If anyone's reading this i just wanted to say thank you for coming to my website, I really appreciate it!


TL;DR(I won't judge you, my poetry skills are non-existent and this will bore you to death because its illogical).
19yo from Bulgaria.I like expressing my thoughts, not very creative as you can see,bad poetry skills but im learning new stuff every day, i love music from the 90's and 90's in general.been dealing with mental issues for years.
If you want to contact me or feel even a little bit suicidal feel free to add me, im always ready to help you feel better! You can find me on Steam, Skidrom#5415 on Discord.Recently I created an account on Last.fm so I can store quality music for dark days.
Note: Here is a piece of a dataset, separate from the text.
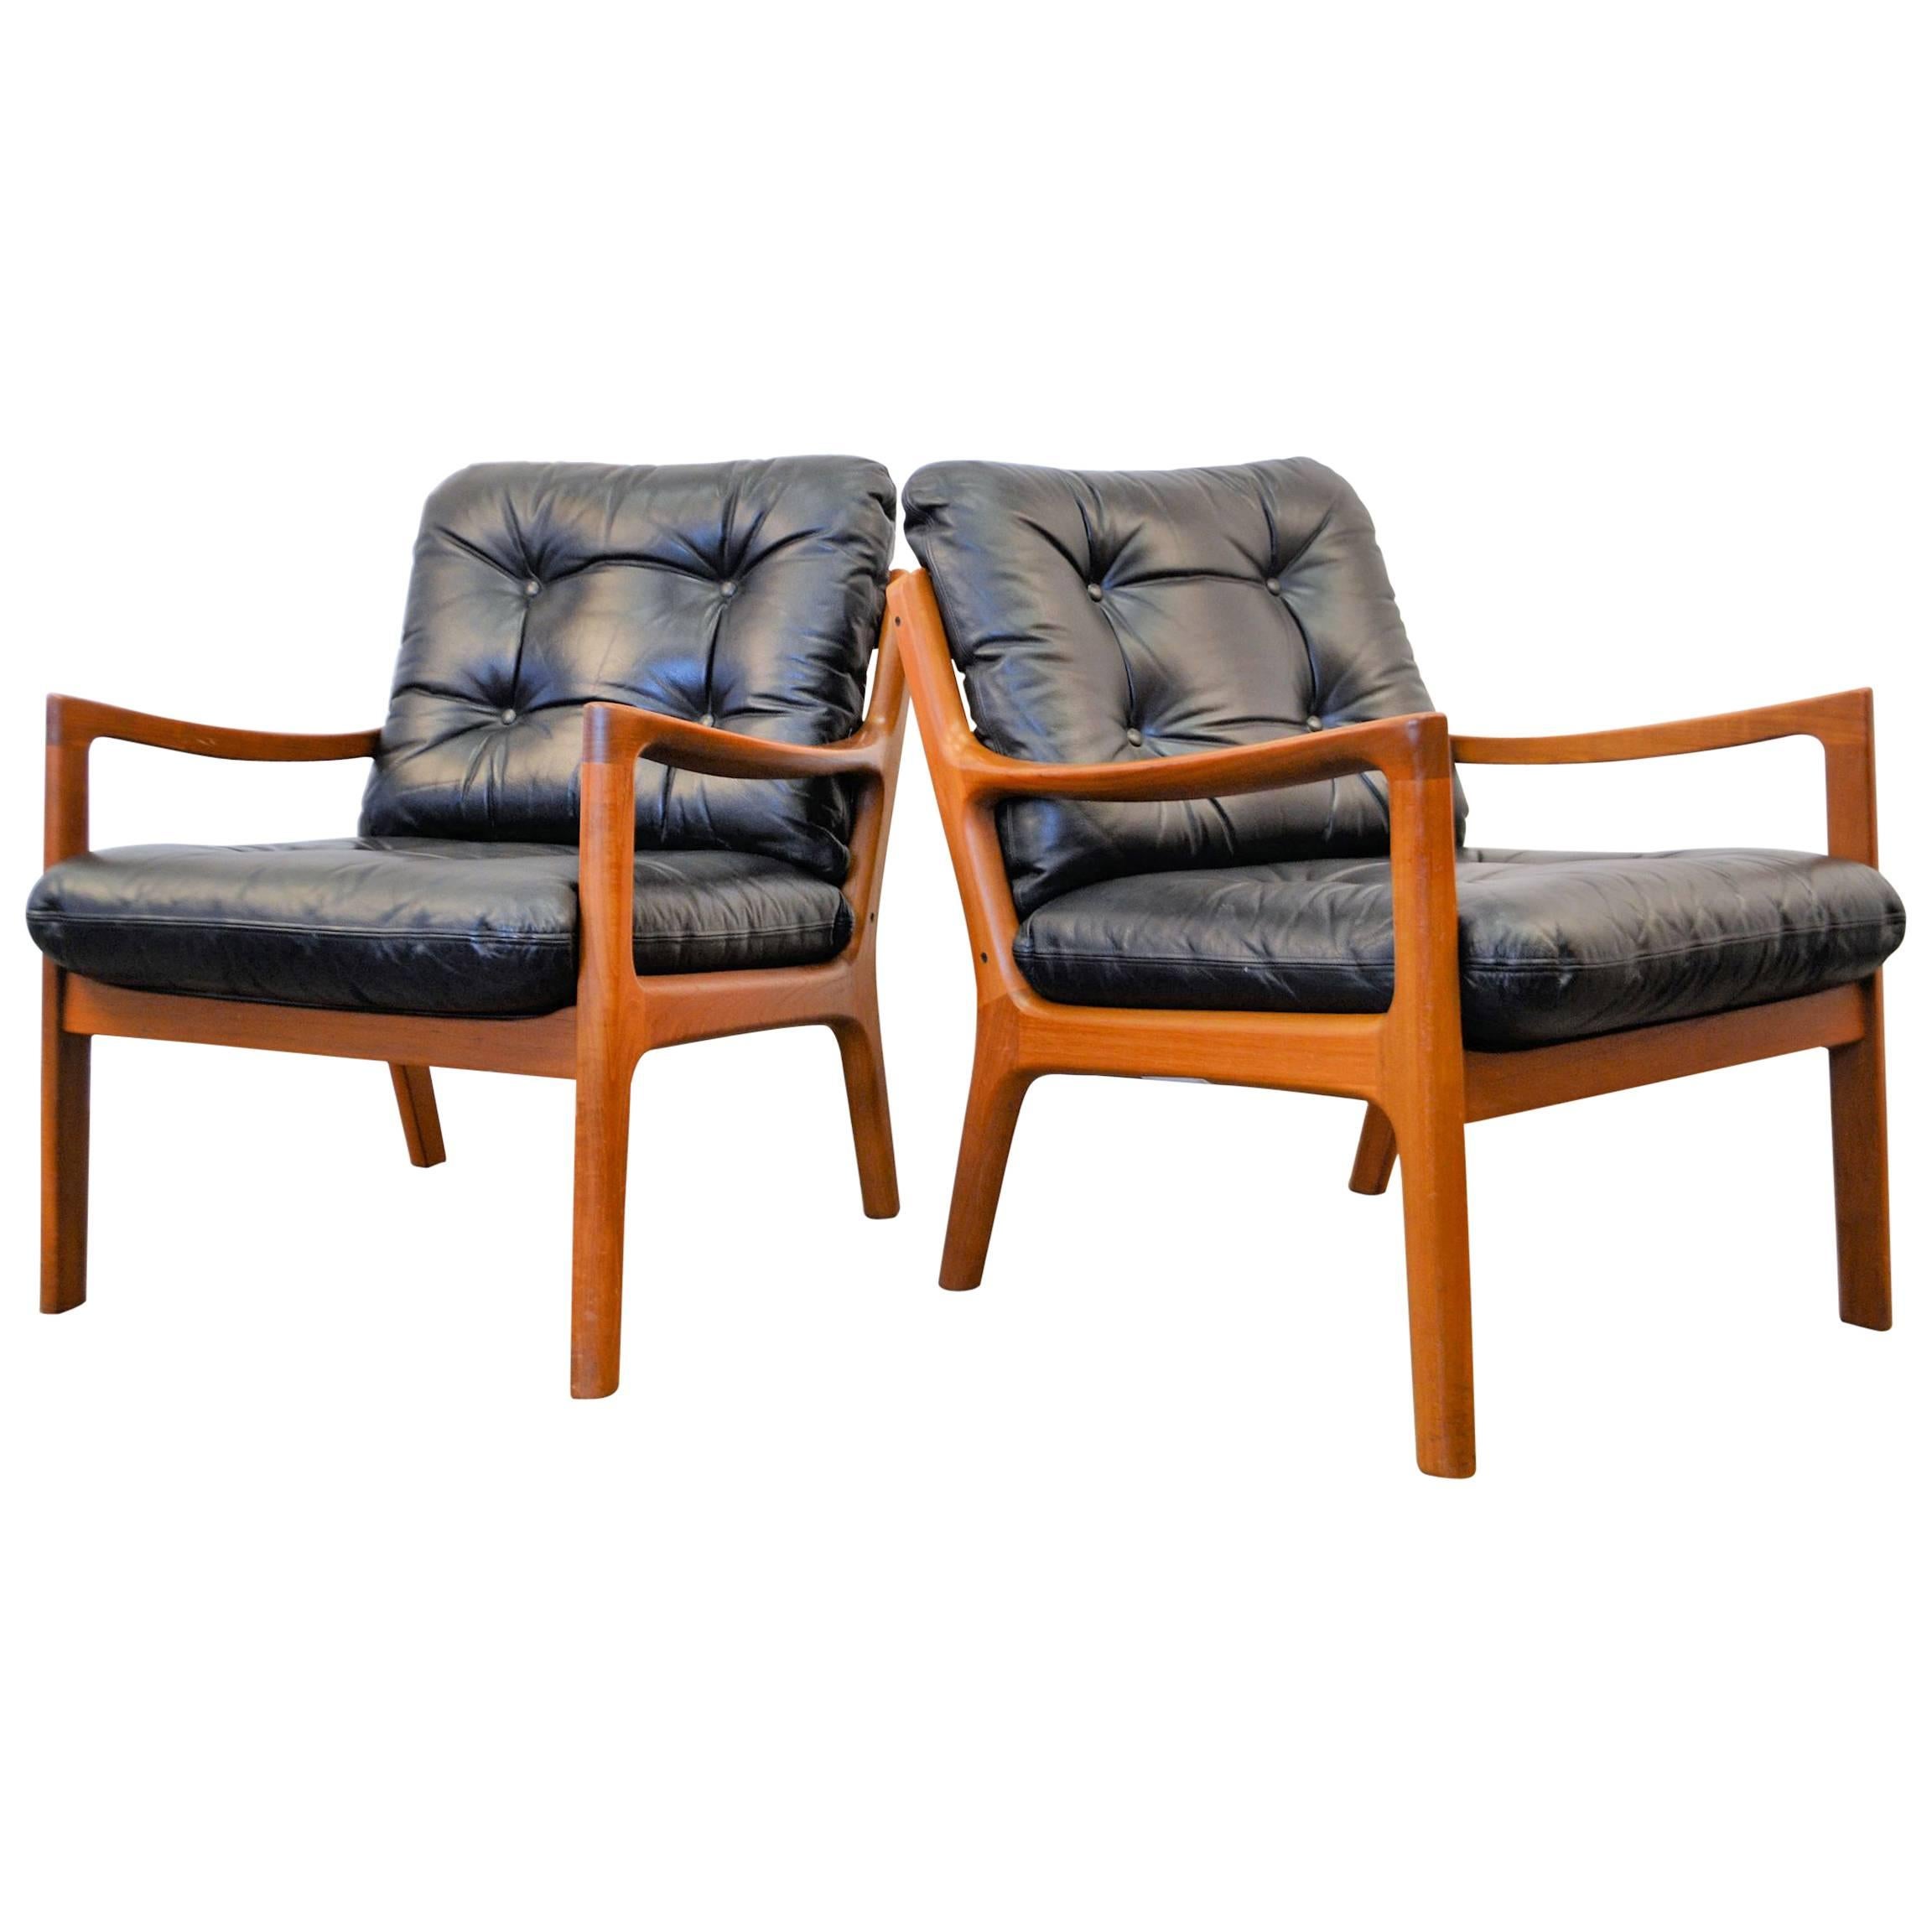 Ole Wanscher Senator Teak Chairs, Set of Two For Sale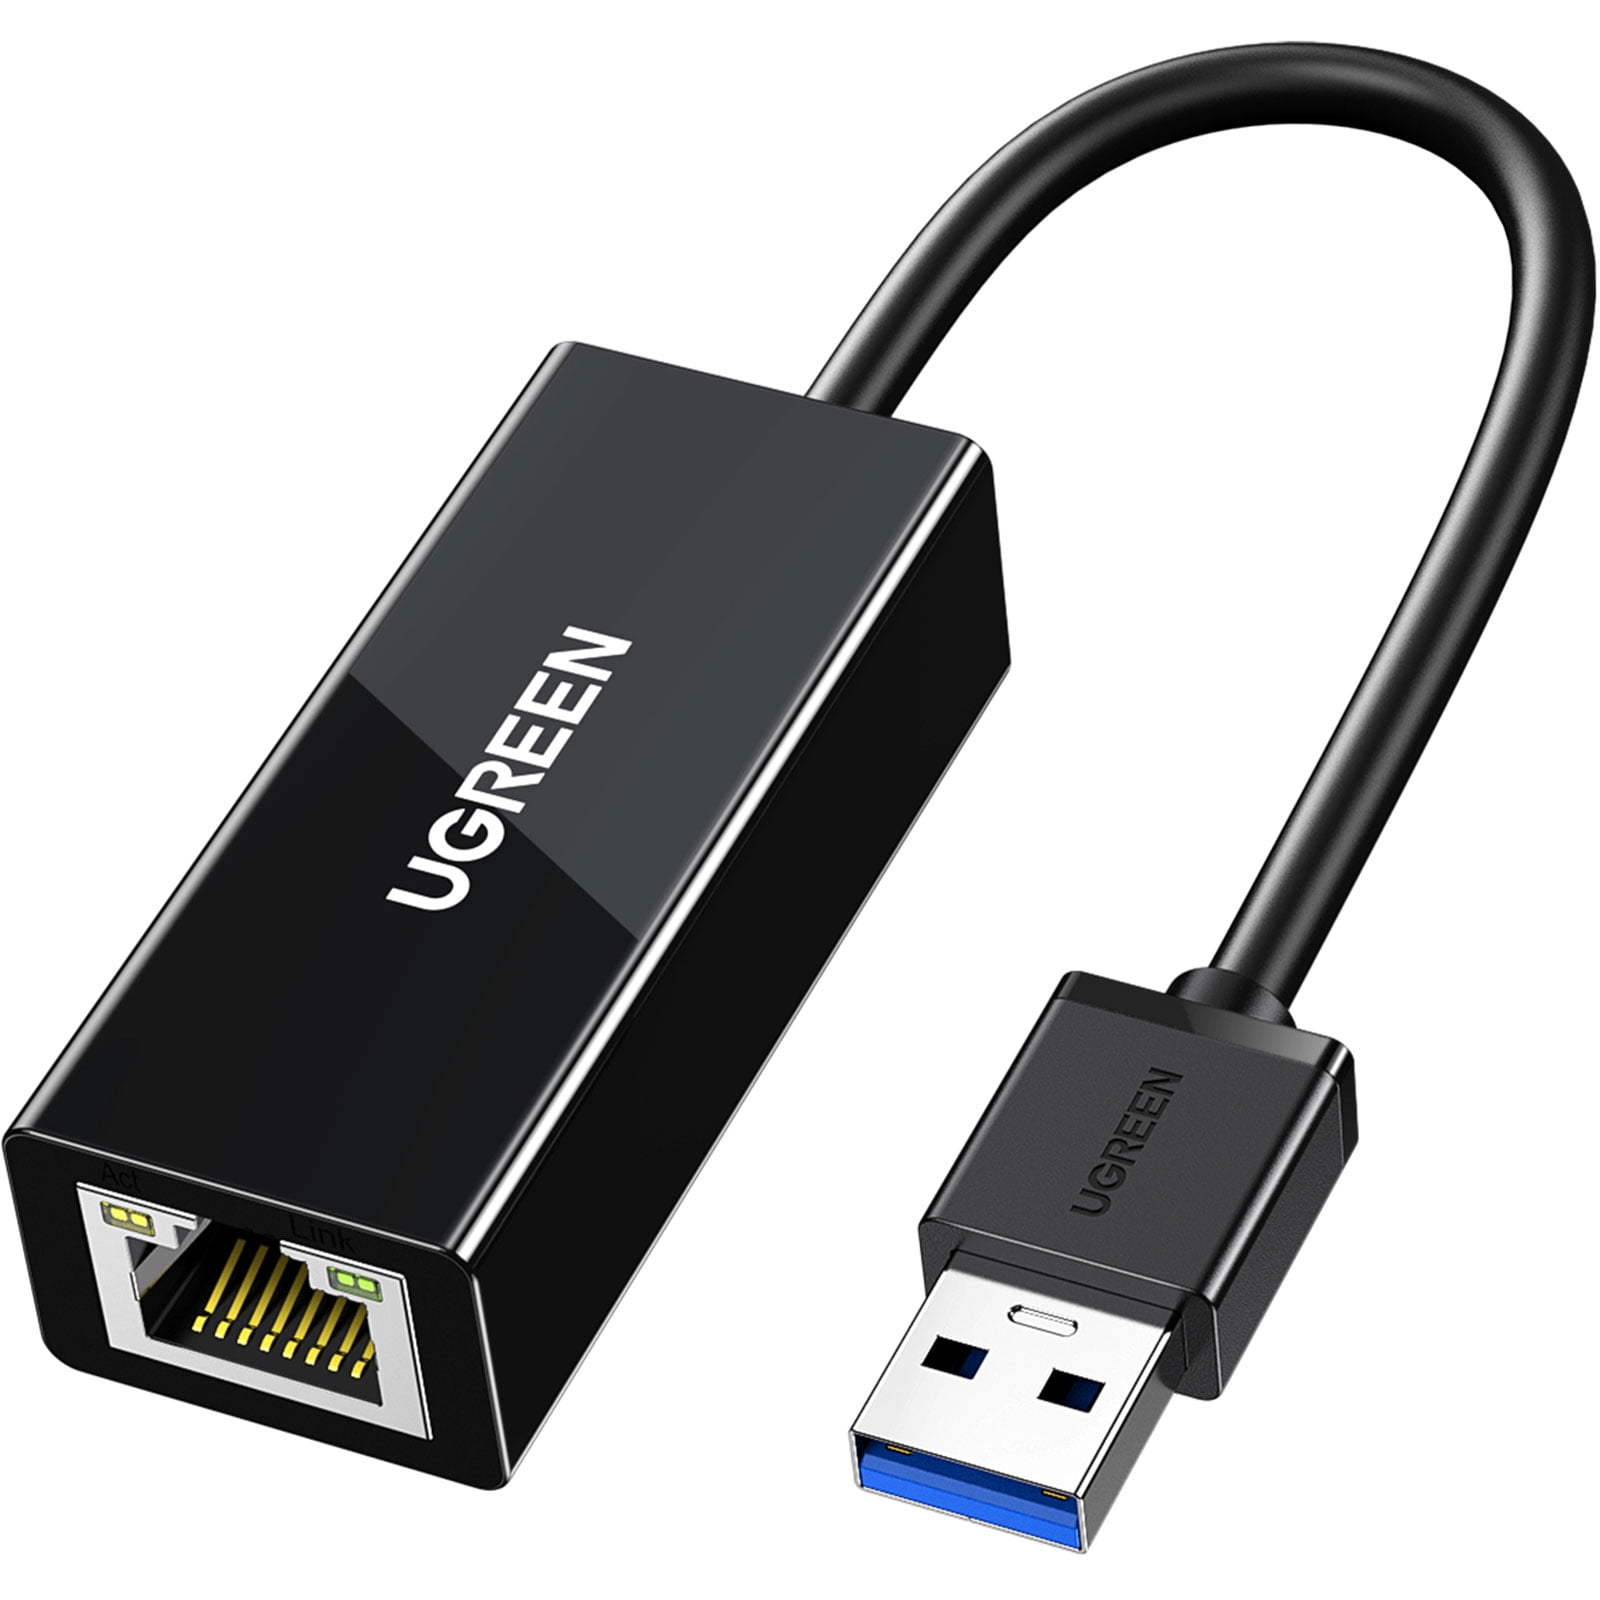 UGREEN USB to Ethernet Adapter, USB 3.0 to 10 100 1000 Mbps Network USB to RJ45 LAN Ethernet Adapter for Laptop PC Nintendo Switch MacBook Surface Windows macOS Linux - Walmart.com

my life is basically a battle  between me and my own demons of depression and anxiety.
  the feeling that you're just floating in a room thinking that death's coming - thats how i explain the so called depersonalization
  maybe im not like the others.i always thought i differ from my classmates. i thought my way of thinking was unique. 
  feeling unsafe at your own home.feeling that you're not yourself. obsessed with the feeling that nothing is real.
  i still pretend to be a bright and happy person.im afraid of my relatives reaction when they see whats behind that mask.
  a kid locked in a cage.
  
"The man's beside himself, man's below himself
Man's behind himself, Am I inside myself"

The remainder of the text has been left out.